Required action → Exclude all pictures from your copy of the data below, which should otherwise match exactly.

Information supplied →
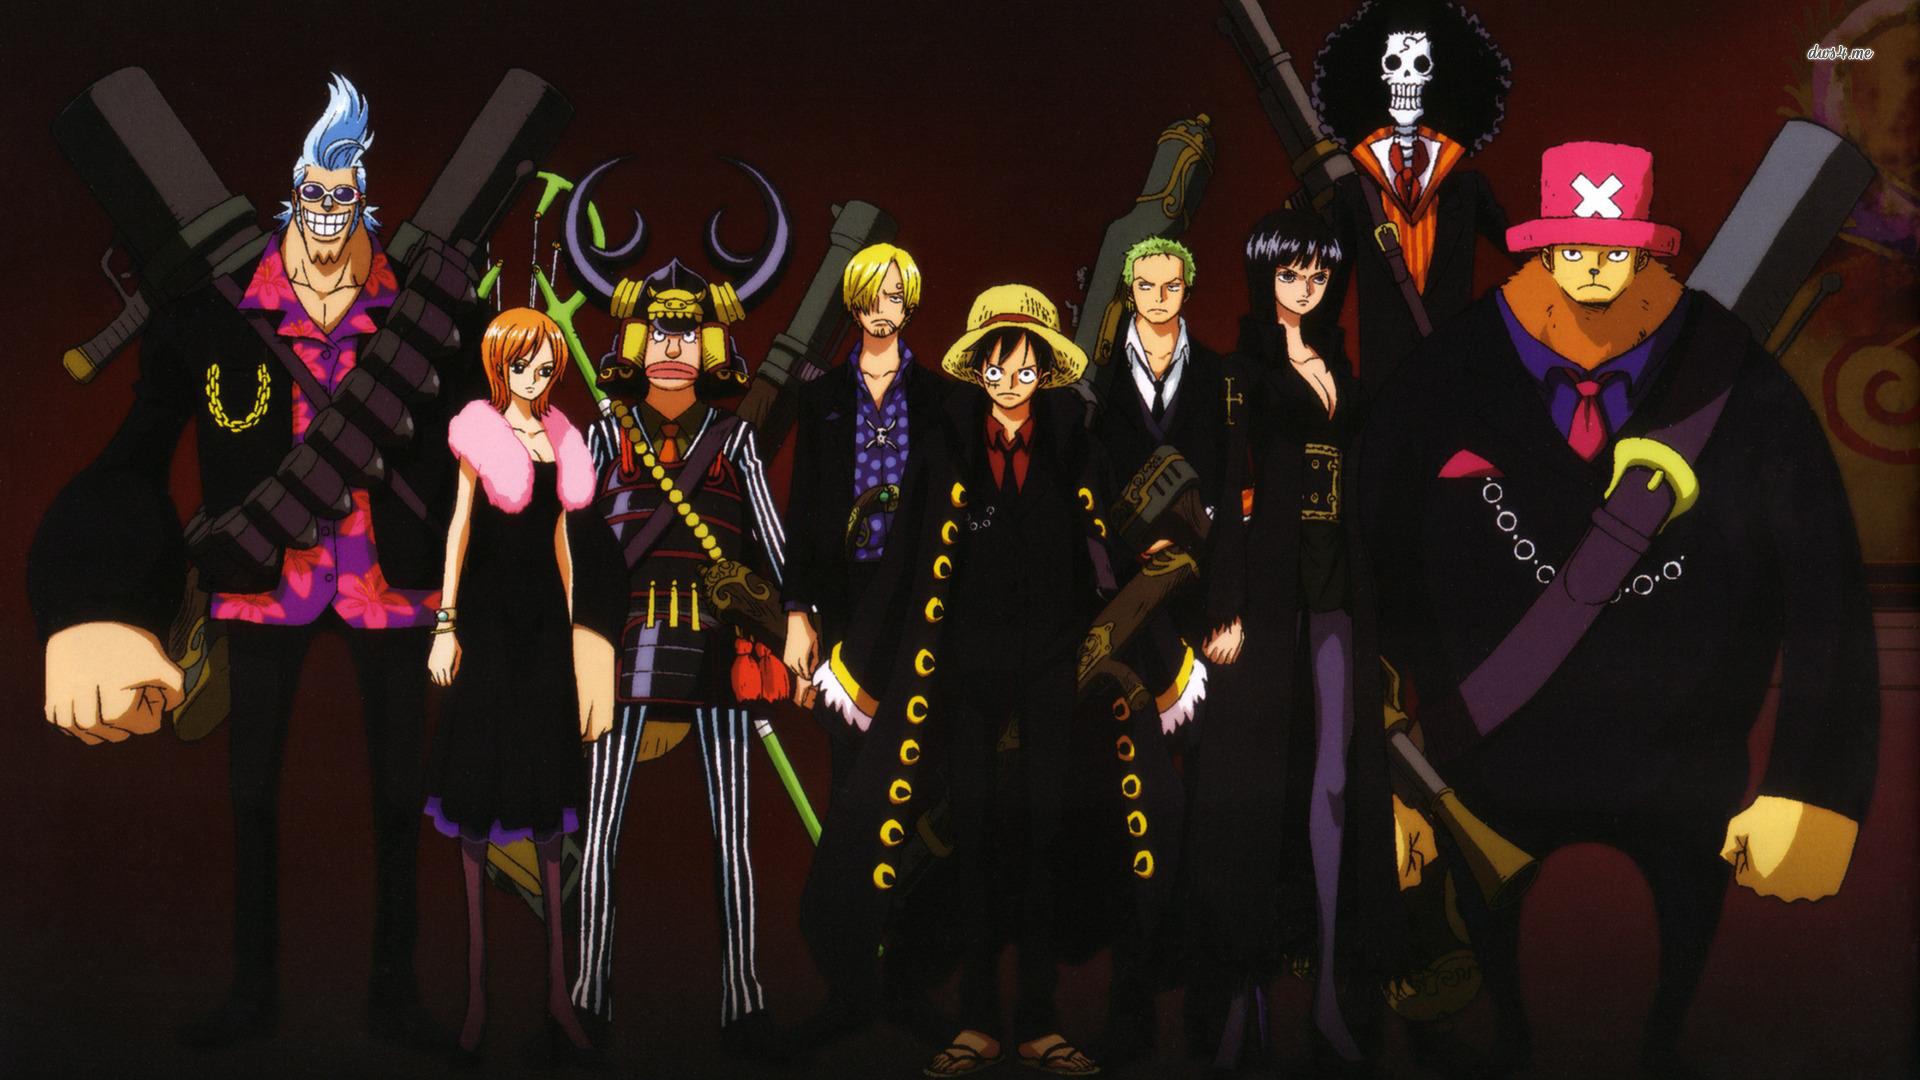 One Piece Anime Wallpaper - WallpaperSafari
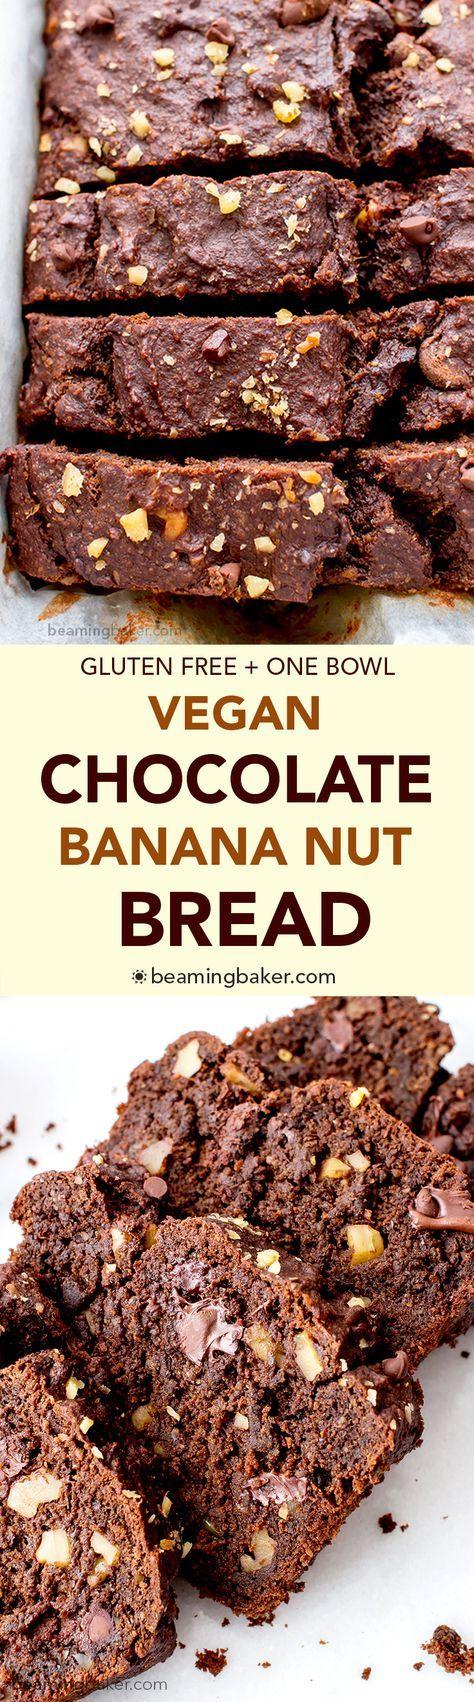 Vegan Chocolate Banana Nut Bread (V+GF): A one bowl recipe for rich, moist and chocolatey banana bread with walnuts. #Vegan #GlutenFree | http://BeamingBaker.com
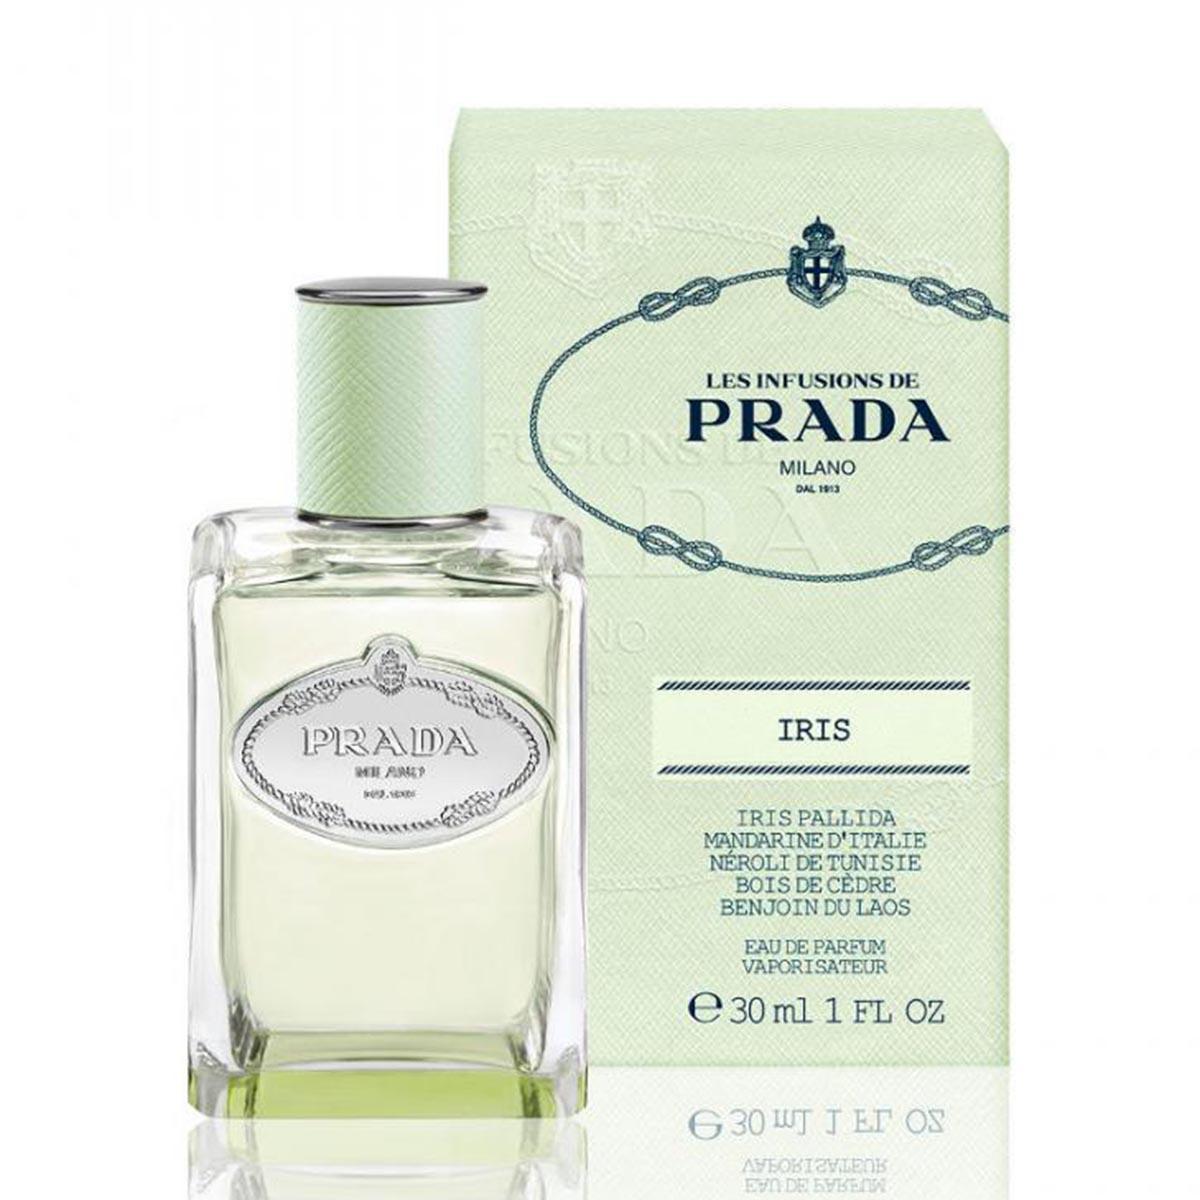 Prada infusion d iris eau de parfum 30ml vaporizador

Solution to this exercise →
 One Piece Anime Wallpaper - WallpaperSafari
 Vegan Chocolate Banana Nut Bread (V+GF): A one bowl recipe for rich, moist and chocolatey banana bread with walnuts. #Vegan #GlutenFree | http://BeamingBaker.com
 Prada infusion d iris eau de parfum 30ml vaporizador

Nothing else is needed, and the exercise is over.